Each typeclass instance represents a useful set of general, composable functions defined for the Maybe type. These same typeclasses have instances defined for many other standard types in Haskell, and are very often provided for types in libraries as well, so they present a consistent interface that anyone familiar with the language will immediately recognize. Many of these typeclasses have associated laws which provide guarantees when working with them.

This is just a subset of what is available for Maybe, and there are many more instances out there in various libraries in the wild. That said, in the list above are some of the most fundamental and commonly-used typeclasses that you’ll encounter in Haskell.

Let’s take some examples from the above to see what we get out of the box.

We can compare Maybe instances if we can compare what they contain (Ord):

λ> Just 1 > Just 2
False
λ> Nothing > Just 2
False
λ> Just 3 > Just 2
True
λ> 

We can append Maybe instances together if we can apply that same operation to their contents (Semigroup/Monoid):

λ> Just "foo" <> Just "bar"
Just "foobar"
λ> Just "foo" <> Nothing
Just "foo"
λ> Just [1] <> Just [2] -- etc.
Just [1,2]

We can apply functions to the contents as you’ve already seen (Applicative):

-- <$> is infix fmap
λ> (\a' b' -> if (a' > 0) then a' else b') <$> (Just 2) <*> (Just 1)
Just 2
λ> (\a' b' -> if (a' > 0) then a' else b') <$> (Just 0) <*> (Just 1)
Just 1

As hinted at previously, another way to think about this is as if we are lifting functions into the Applicative context:

λ> (liftA2 (\a b -> if (a > 0) then a else b)) (Just 2) (Just 1)
Just 2
λ> (liftA2 (\a b -> if (a > 0) then a else b)) (Just 0) (Just 1)
Just 1

In fact, Applicative gives us the ability to think about “effects” or an “effectful context” distinctly from the “wrapped” values we’re working with.
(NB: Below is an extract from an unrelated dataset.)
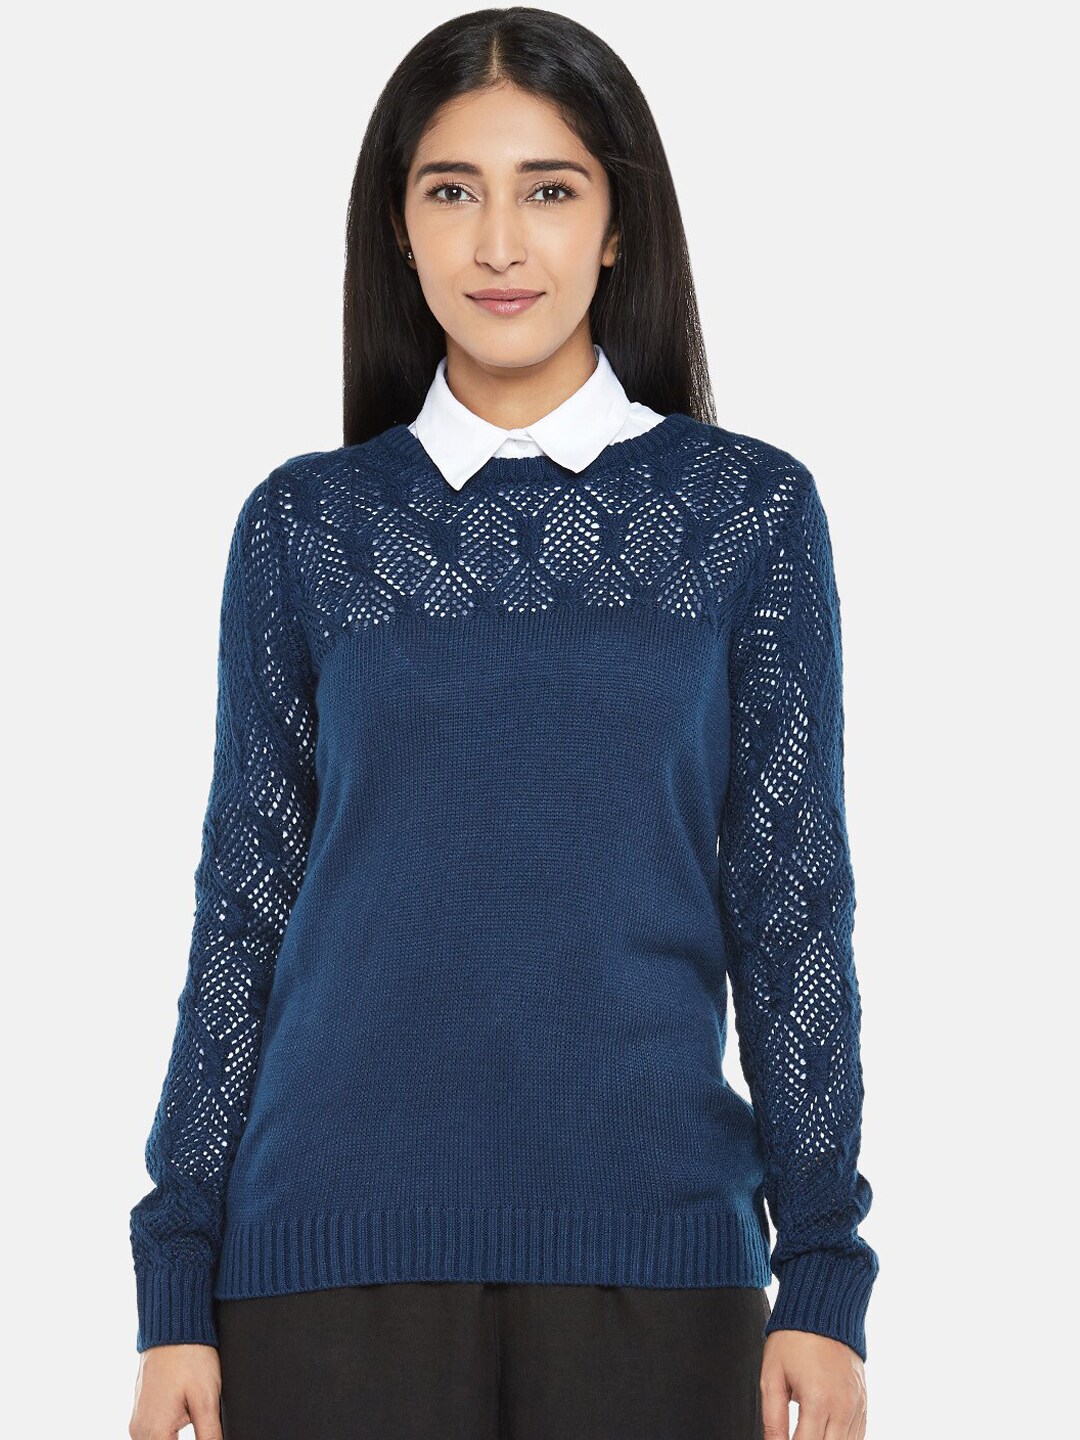 Annabelle by Pantaloons Women Blue Solid Pullover Sweater Price in India

For example, let’s say we are building a security service for authenticating users and setting their permissions. We have to run a sequence of checks, each of which has to be valid in order for someone to be logged-in. Additionally, with our last check we want to confirm that the user has a score above a certain threshold, which will give us an extra bit of information by which to filter the actions available to the user.

One way we can model this is to use a new sum type to represent our sequence of checks, and wrap those in Maybe to represent the success or failure of a given check–Nothing indicates failure of any check, and the Bool value we get at the end in the presence of a non-Nothing value tells us if our user’s score was great enough.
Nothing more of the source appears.